Health Affairs Blog: ACA Litigation Roundup

Katie Keith has finished an extremely useful three-part review of recent PPACA-related litigation:

  • Part I (July 20): "This post summarizes the recent Affordable Care Act-related Supreme Court decisions and the latest in California v. Texas. A second post will discuss the status of long-standing ACA-related lawsuits and highlight newer lawsuits over ACA implementation.
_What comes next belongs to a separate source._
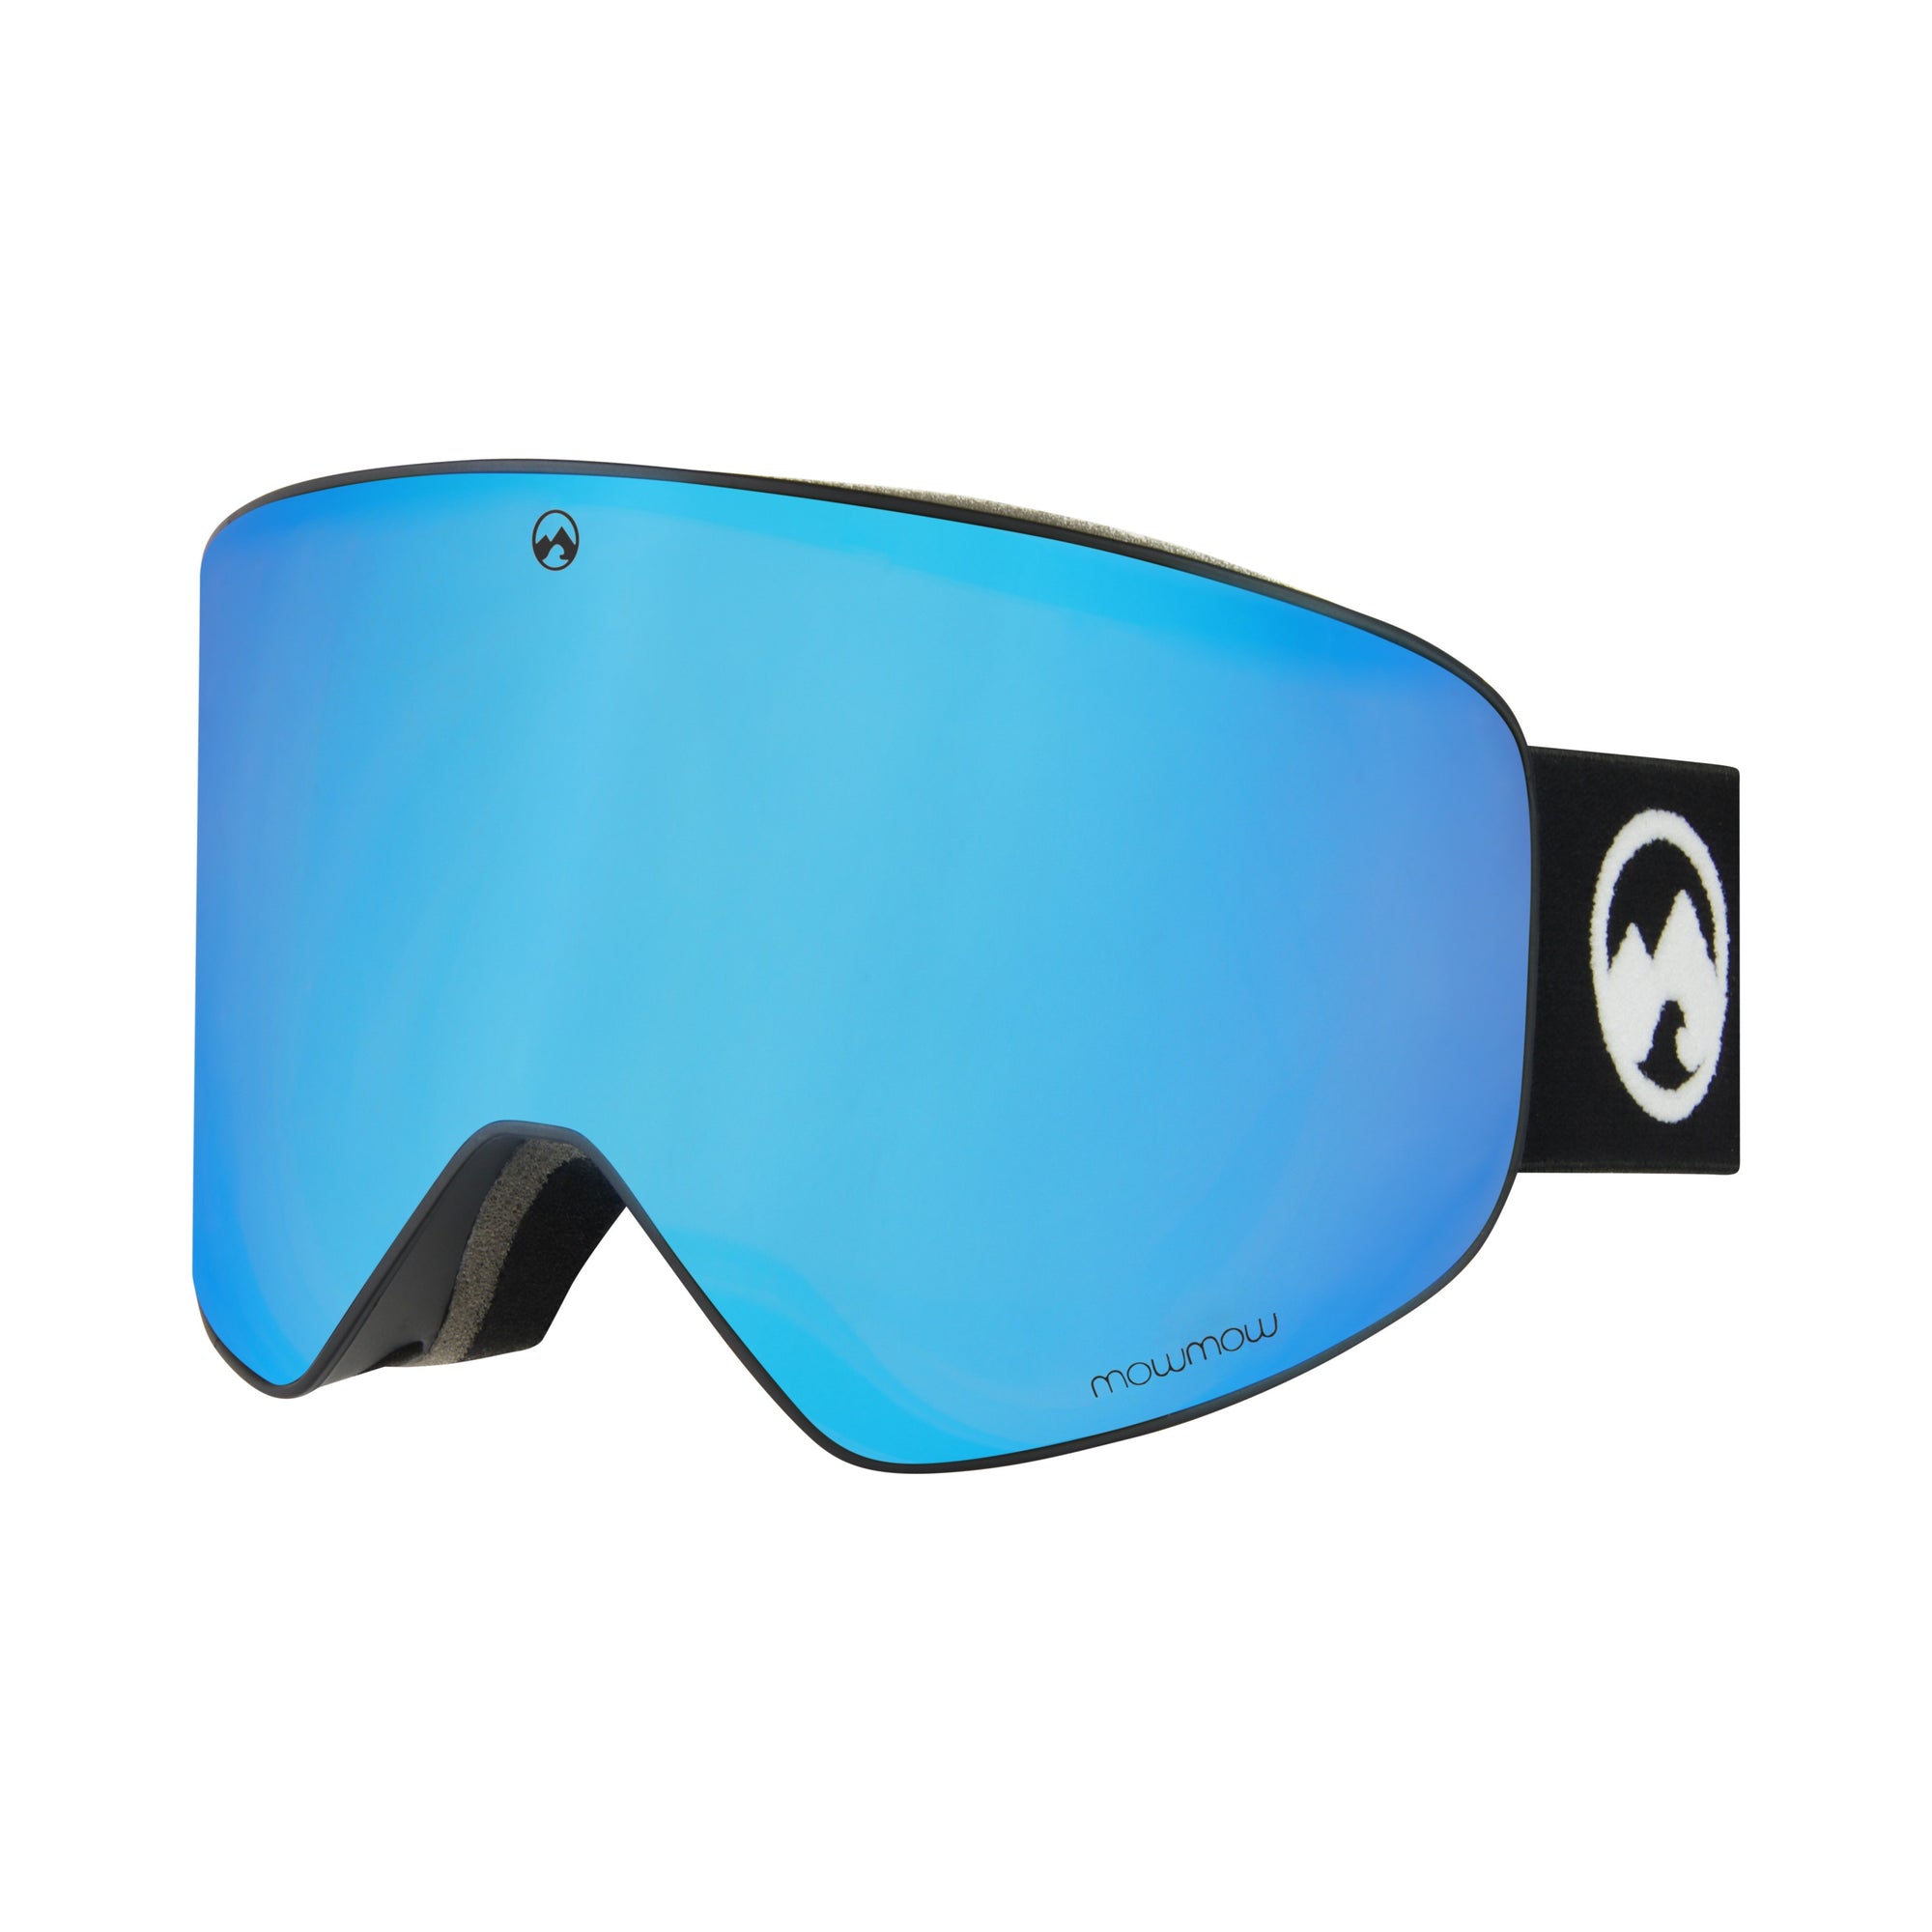 Stealth - M/L black Frame / Ice Blue photochromic LuxaLens - mowmow

A third post will focus on the resolution of lawsuits over unpaid risk corridors payments."
  • Part II (July 21): "This post covers a decision from the Court of Appeals for the Second Circuit holding that New York is preempted from making changes to ACA-governed risk adjustment transfers and a decision from the Court of Appeals for the Ninth Circuit holding that the ACA prohibits discrimination in plan benefit design under Section 1557 of the ACA."
  • Part III (July 22): "In April 2020, the Supreme Court ruled that insurers were entitled to more than $12.2 billion in unpaid risk corridors payments. This post summarizes the latest on risk corridors litigation in the wake of that ruling. Two prior posts focused on other recent ACA-related Supreme Court decisions and ACA lawsuits in the lower courts."

Tuesday, July 21, 2020

"Constitutional Norms for Pandemic Policy"
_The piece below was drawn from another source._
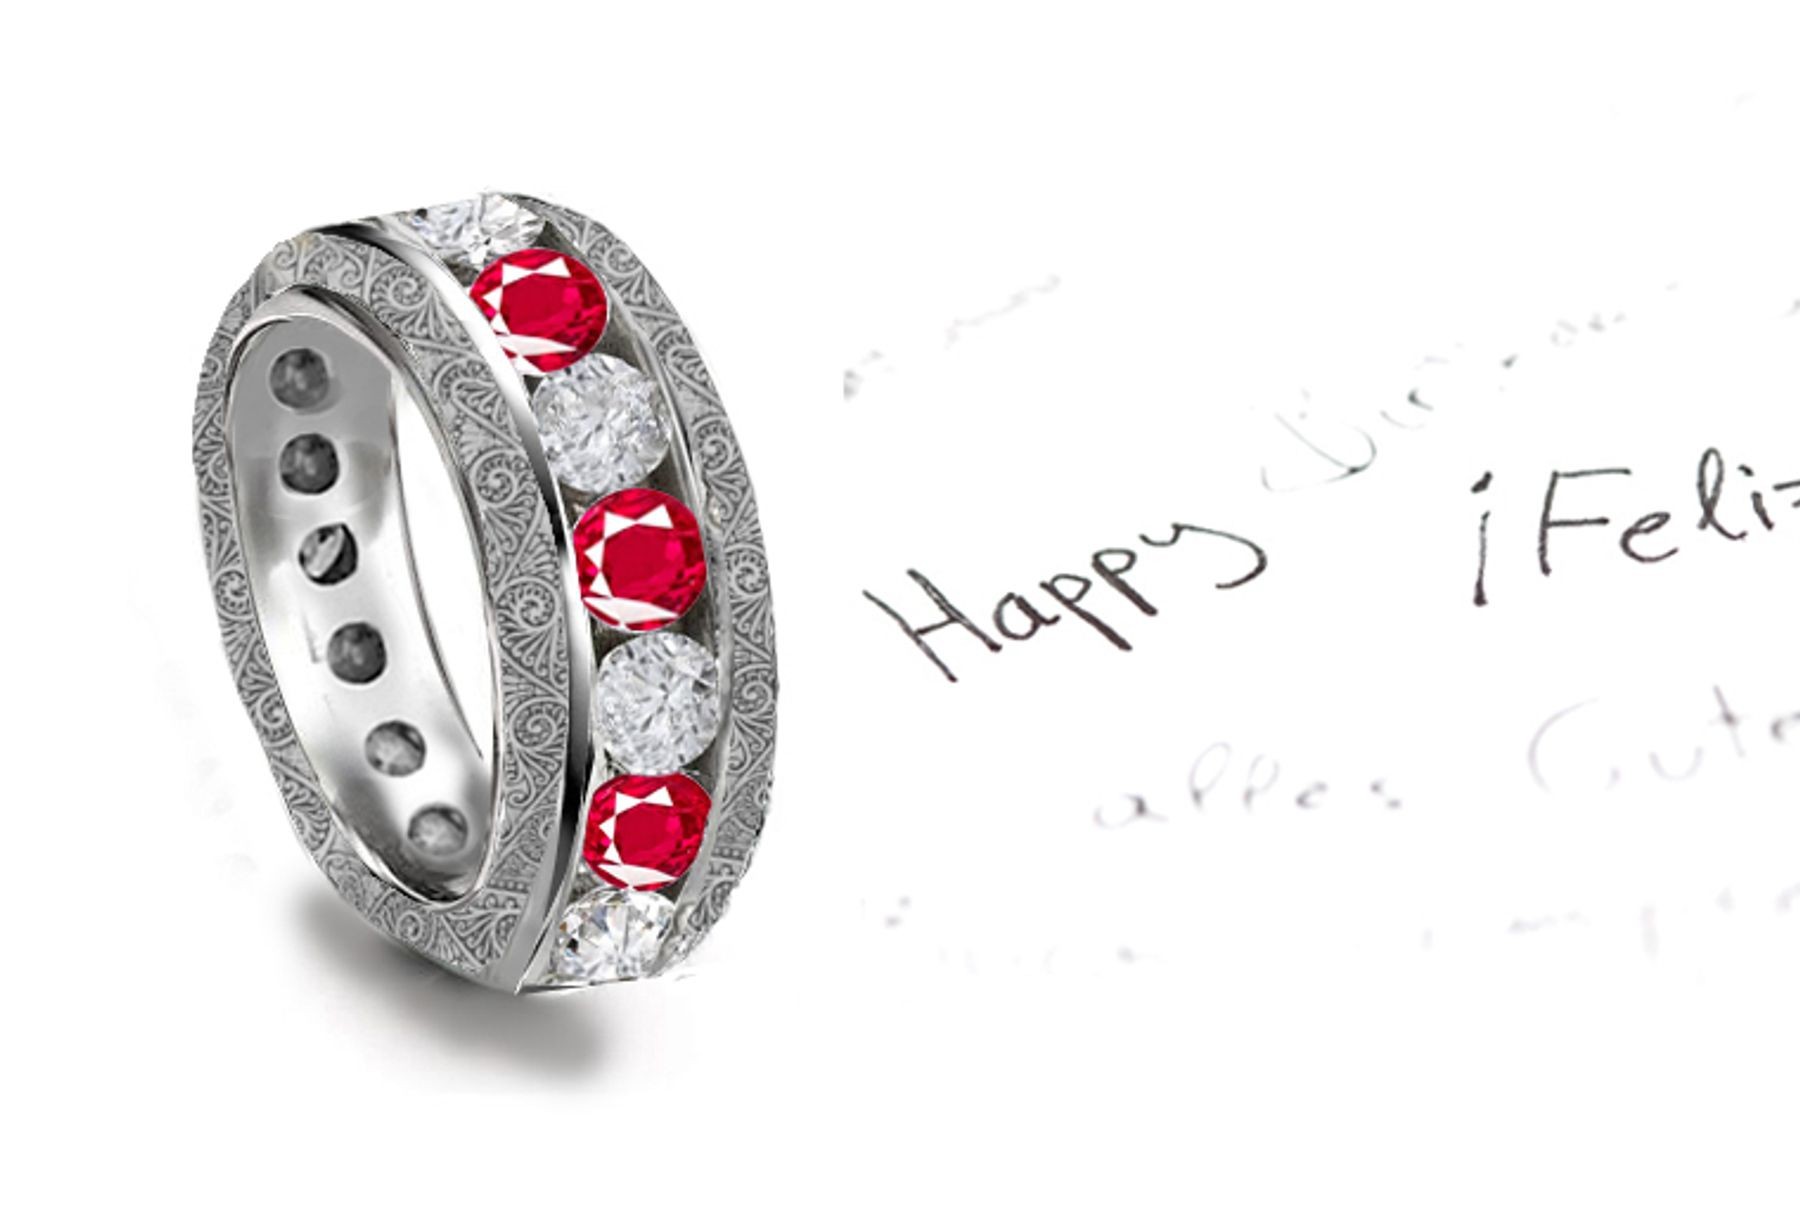 6mm Wide Diamond & Ruby Band Embossed with Floral Scrolls & Motifs in Platinum & 14k Gold

Here's a précis of an important paper by three professors at the University of Arizona College of Law (Toni Massaro, Justin R. Pidot, and Marvin Slepian). After all the dumb (mostly anti-mask and anti-shutdown) rhetoric about how constitutional rights don't go away in a pandemic, here's some common sense about how our present crisis fits into the constitutional scheme.
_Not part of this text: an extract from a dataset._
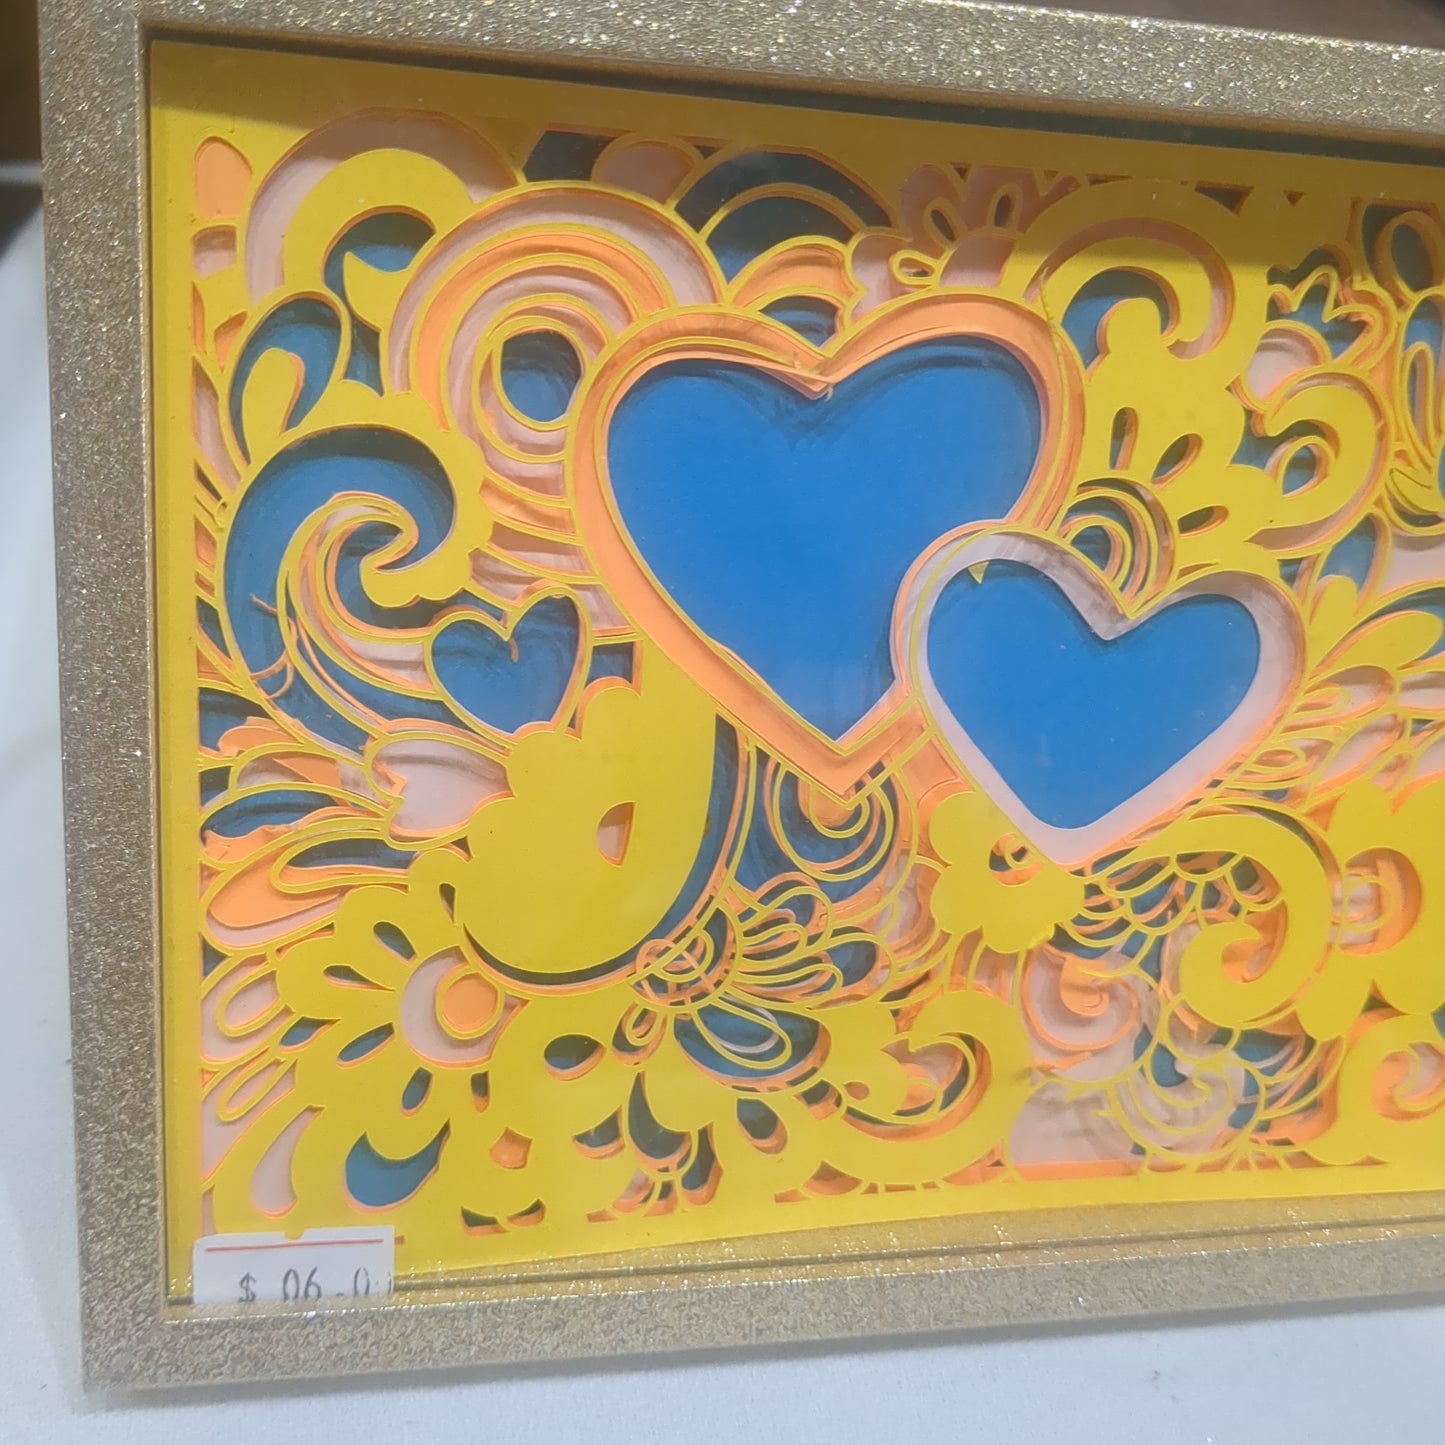 5 x 7“ gold shadowbox with Papercut paisley heart

Arizona Legal Studies Discussion Paper No. 20-29 (free download)

The COVID-19 pandemic has unleashed a torrent of legal and political commentary, and rightly so: the disease touches every corner of life and implicates all areas of law. In response to the disease, governments, civic institutions, and businesses have struggled to protect public health, respect individual autonomy, and enable Americans to satisfy their elemental instinct to congregate with one another.

Public perceptions about the disease, and our responses to it, have substantially fallen along predictable ideological lines. For example, the willingness of individuals to social distance may indicate something about their risk tolerance, but also about their political affiliation. Our ability to launch a unified response to COVID-19 has, in other words, been affected by rifts that generally infect American political life. 

How we manage these divides over pandemic response matters, because the costs of disunity are high. Those who fear the risk COVID-19 poses to their lives depend on others to participate in mitigation efforts; those who fear the risk our response to COVID-19 poses to their livelihoods depend on others to willingly reengage in economic life. Common ground, while elusive, is essential to America’s response to this pandemic, and the next one that will surely follow. 

We argue that ingredients for consensus already exist, even if they are obscured by political and policy rancor. Americans share the common goal to safely return to families, jobs, schools, places of assembly, pubs, parks, and the myriad of other settings that make up human lives and we share a fidelity to basic constitutional legal norms that can inform how we safely return. 

This Essay identifies four constitutional principles to shape pandemic policies and enable them to garner broad public acceptance: substantive and procedural rationality, respect of fundamental liberties, equal treatment, and flexibility to enable government to nimbly and effectively address emergencies that threaten life itself. Fidelity to these norms is essential for all institutions, public and private, because reopening safely can occur only through the cooperation of private individuals, and individuals will cooperate only if they have confidence in the ability of institutions to protect safety, liberty, and equality.